*YOUR INSTRUCTIONS*. Your task is to copy the stretch of lines in the records below that begins with the line containing "the Manhattan studio." and ends with the line containing "Beye Earns Top", exactly as written, with nothing added.

*EXTRACTED RECORDS*.

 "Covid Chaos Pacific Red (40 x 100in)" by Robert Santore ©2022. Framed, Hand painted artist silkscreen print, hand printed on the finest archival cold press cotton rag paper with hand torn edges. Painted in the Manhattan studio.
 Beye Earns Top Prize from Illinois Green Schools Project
==
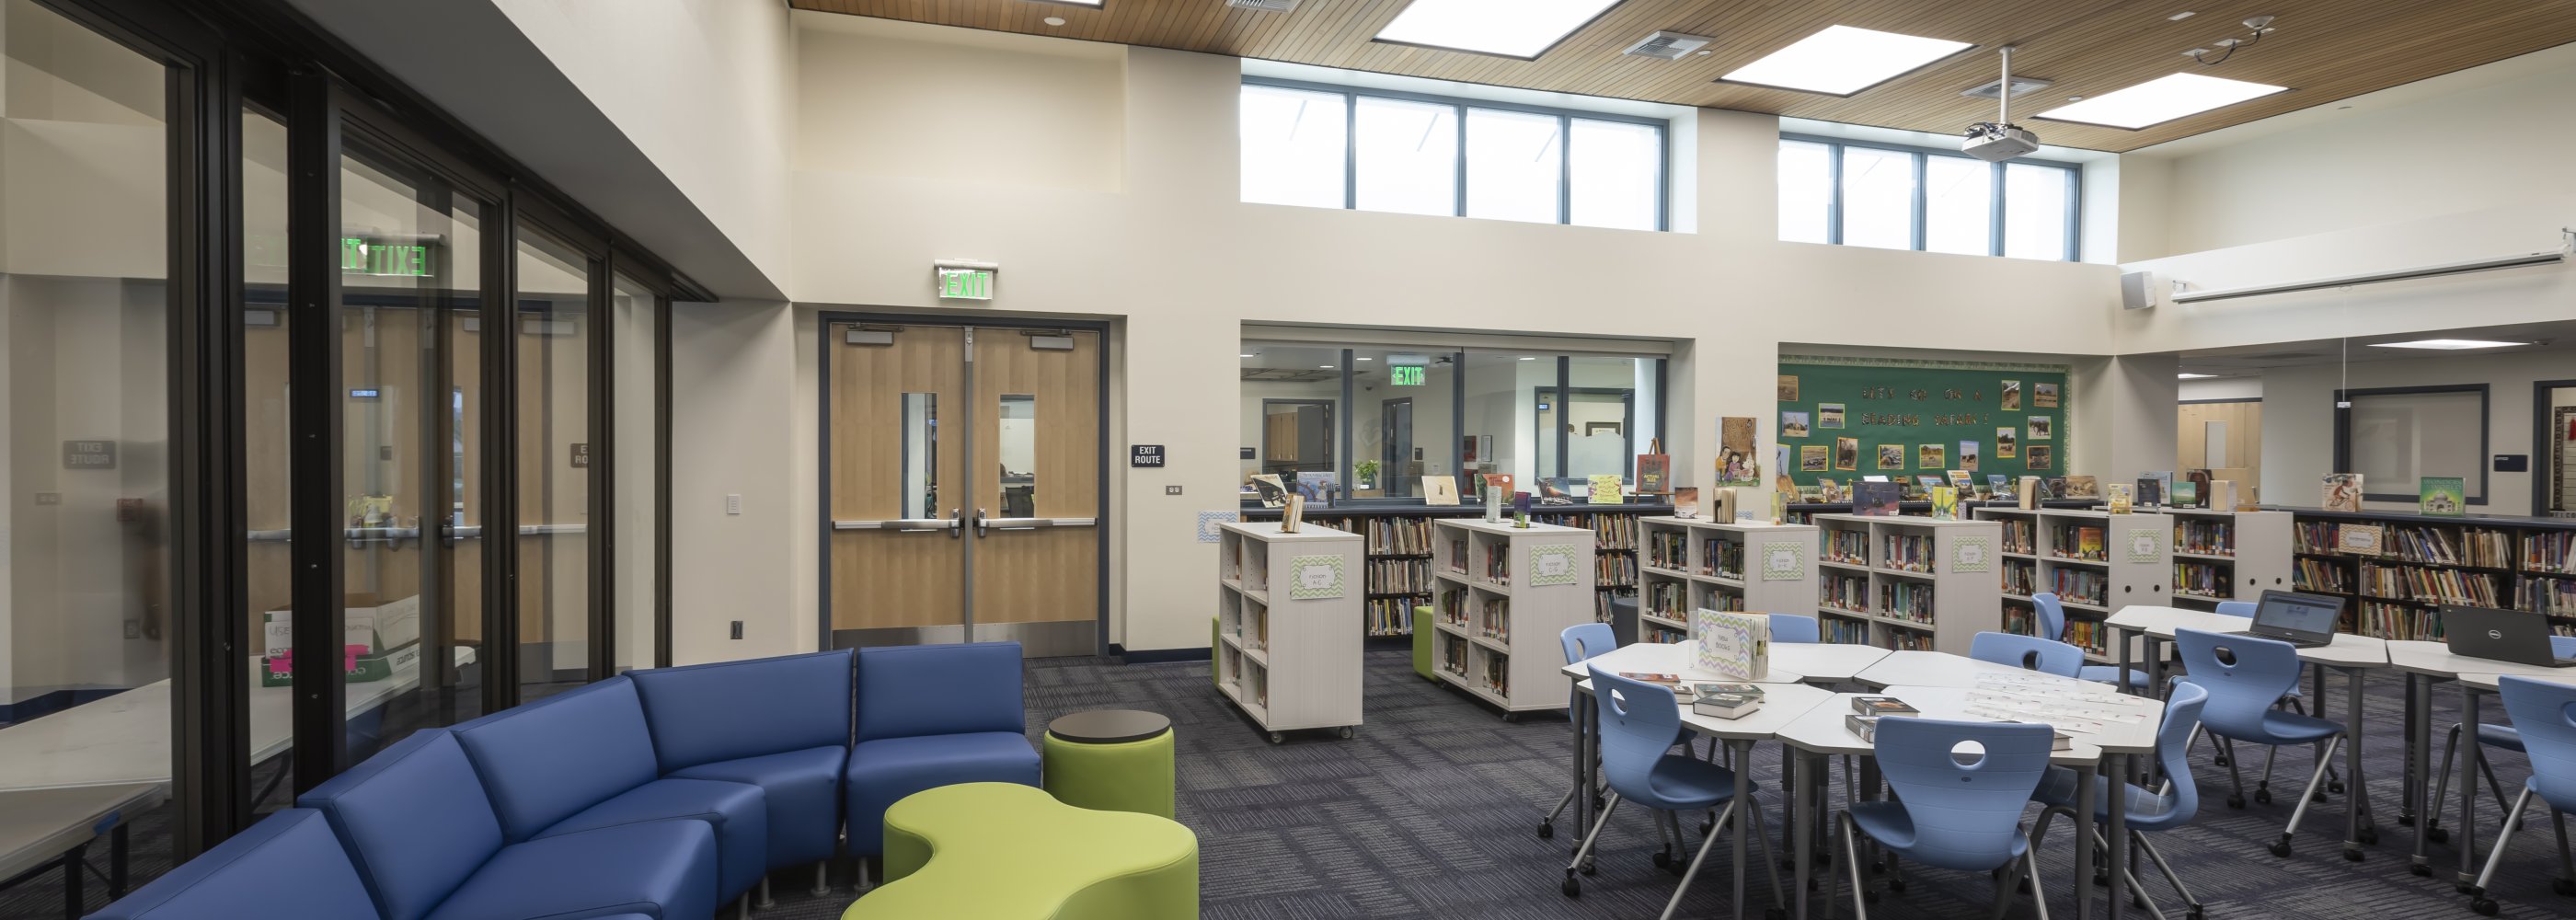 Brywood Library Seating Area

*RESPONSE*.
 "Covid Chaos Pacific Red (40 x 100in)" by Robert Santore ©2022. Framed, Hand painted artist silkscreen print, hand printed on the finest archival cold press cotton rag paper with hand torn edges. Painted in the Manhattan studio.
 Beye Earns Top Prize from Illinois Green Schools Project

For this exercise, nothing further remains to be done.